The world’s premier conference on computer graphics showcases how the technologies behind film, games, and visual effects are shaping the next generation of robots
LOS ANGELES (Khalid khan ) Computer graphics and robotics have been converging for years. At SIGGRAPH 2026. that convergence takes center stage as robots learn, move, create, and interact through technologies originally developed for film, games, and visual effects. Taking place 19-23 July at the Los Angeles Convention Center, the conference shows how advances in computer graphics are helping shape the future of intelligent machines, revealing a future where virtual worlds are increasingly used to train, test, and inspire robotic systems.

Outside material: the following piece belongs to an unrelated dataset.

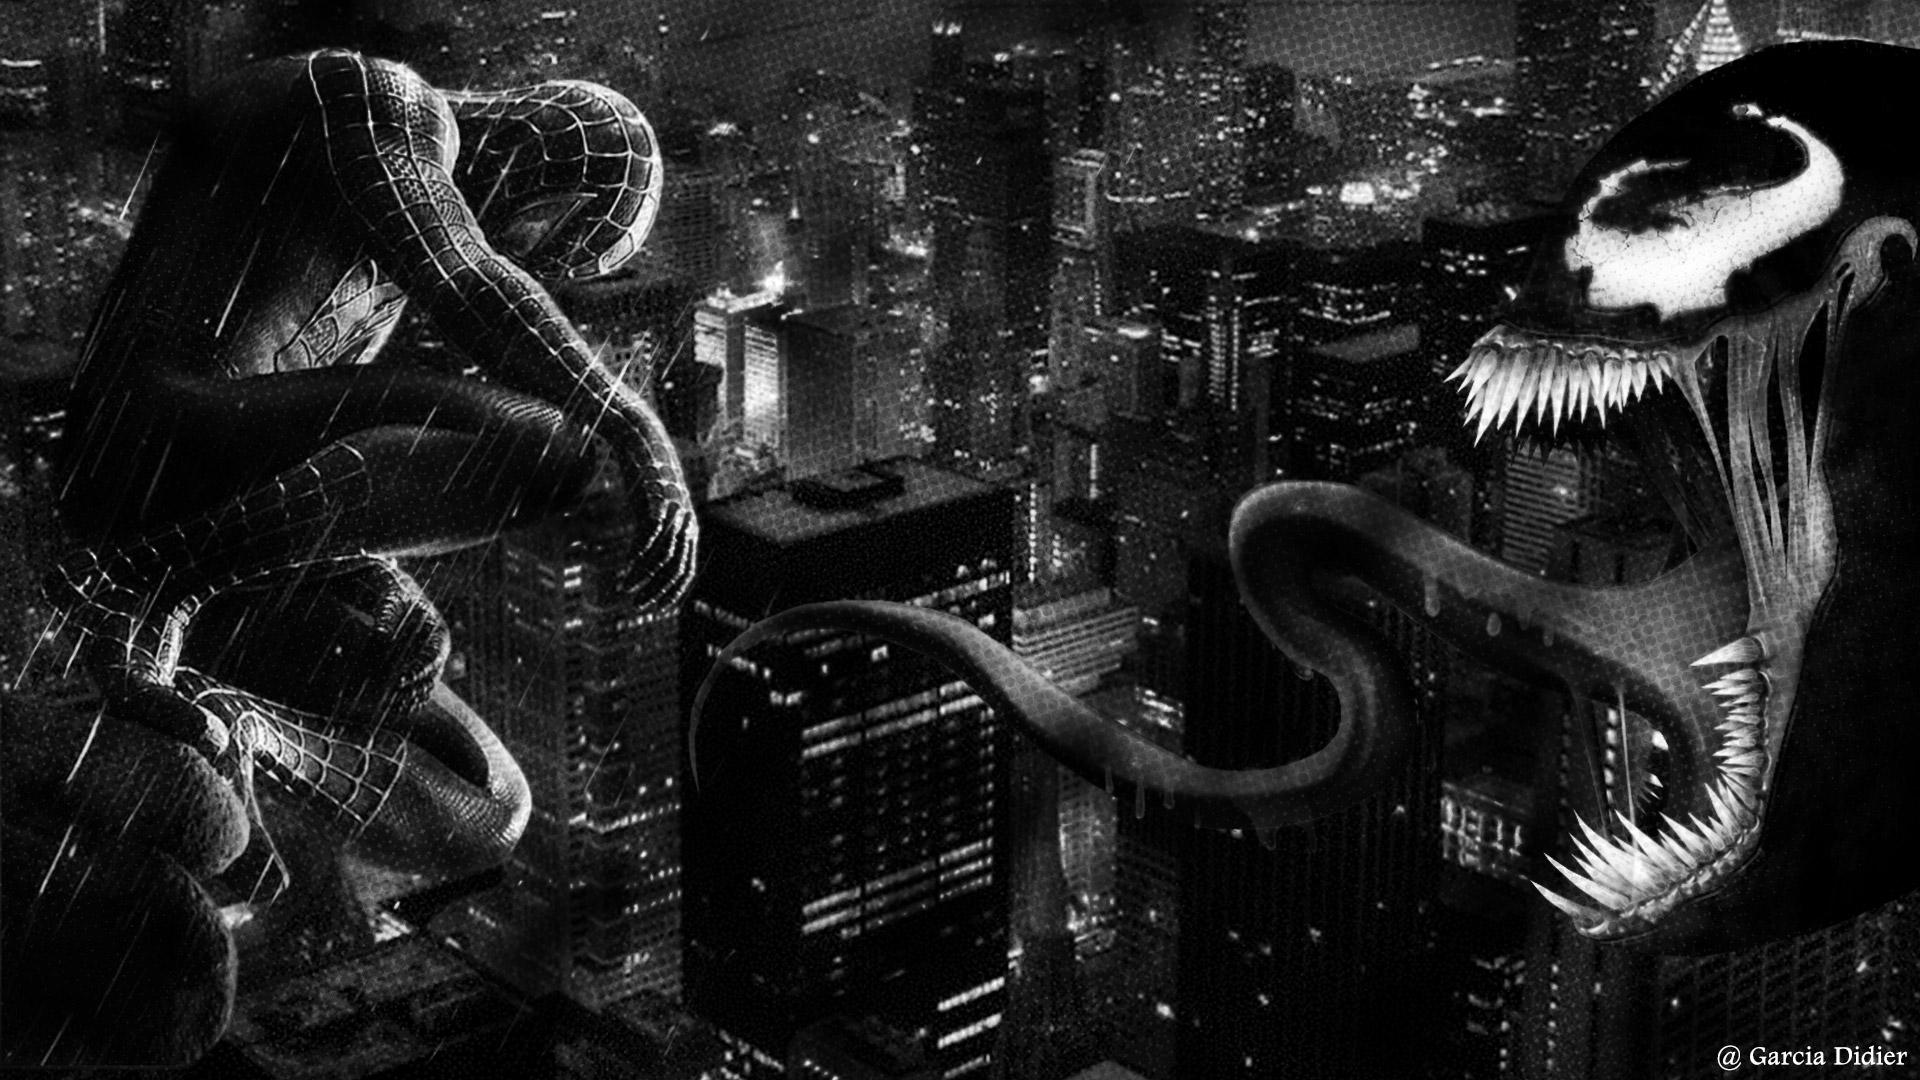 Fond ecran spiderman by dgarcia57 on deviantart for Fond ecran style

At SIGGRAPH 2026, robotics is not confined to a single program. It runs as a common thread across the conference, appearing in Technical Papers, Emerging Technologies, Courses, Frontiers, Spatial Storytelling, Art Papers, Talks, and Technical Workshops. Together, these sessions demonstrate how the same technologies used to create digital characters, immersive worlds, and visual effects are increasingly being used to design, train, and deploy robots capable of operating in complex real-world environments.
“The lines between computer graphics, physics, and Al are blurring. Because of that, you’re seeing robotics become more pervasive at the conference because these fields are naturally becoming more intertwined,” said SIGGRAPH 2026 Conference Chair Chris Redmann. “It opens up new horizons and pathways for computer graphics research and new modes of interactivity, where the physical world and the digital world become even more complementary.”
Training Robots in Virtual Worlds
A central theme across this year’s robotics programming is simulation-first development, in which robots are designed, trained, and validated in virtual environments before entering the physical world. A trio of NVIDIA-led courses anchors the thread: “How To Build End-To-End Physical Al Systems for Robots” covers data generation, training, and edge deployment for humanoid and general-purpose robots; “Accelerate Robot Learning With NVIDIA Isaac Lab and Newton” introduces a GPU-accelerated physics engine for training and evaluating robot policies; and “Simulating a Dextrous Hand For Robotics With OpenUSD” walks through preparing simulation-ready robot assets.
The same ideas drive a strong Technical Papers showing, where “SimArt: Decomposing Monolithic Meshes into
Sim-ready Articulated Assets via MLLM” converts static 3D meshes into simulation-ready articulated assets, “MotionBricks: Scalable Real-Time Motions with Modular Latent Generative Model and Smart Primitives” generates real-time motion for animation and robotics, “ReActor: Reinforcement Learning for Physics-Aware Motion Retargeting” from Disney Research uses reinforcement learning to retarget human motion onto humanoid and quadruped forms, and “Computational Design of Terrestrial Robots with Anisotropic Friction”, from teams including Carnegie Mellon University, Genesis Al, Tsinghua University, and Shanghai Qi Zhi Institute, co-designs robot bodies and controllers for locomotion.
Rounding out the thread, the Technical Workshop “Differentiable Physics for Graphics and Al” examines how differentiable simulation is reshaping graphics, robotics, and design, and the Frontiers Workshop “Digital Twins for Science and Industry looks at how virtual replicas are transforming healthcare, energy, and scientific visualization.
New Modes of Human-Robot Interaction
A second thread, concentrated in the Emerging Technologies program, reimagines how people and robots interact, often in strikingly personal ways. In “Katakko: Embodiment of Modular Robots through Automatic Motion Mapping”, attendees assemble communication-oriented modules into a personalized social robot and embody it through an algorithm that maps their own movements onto the machine. “Shall We Dance? Resonance of Intentions with an Embodied Agent based on the Free Energy Principle” introduces an agent that negotiates intentions through physical interaction, synchronizing with a human partner’s choreography and tempo in real time.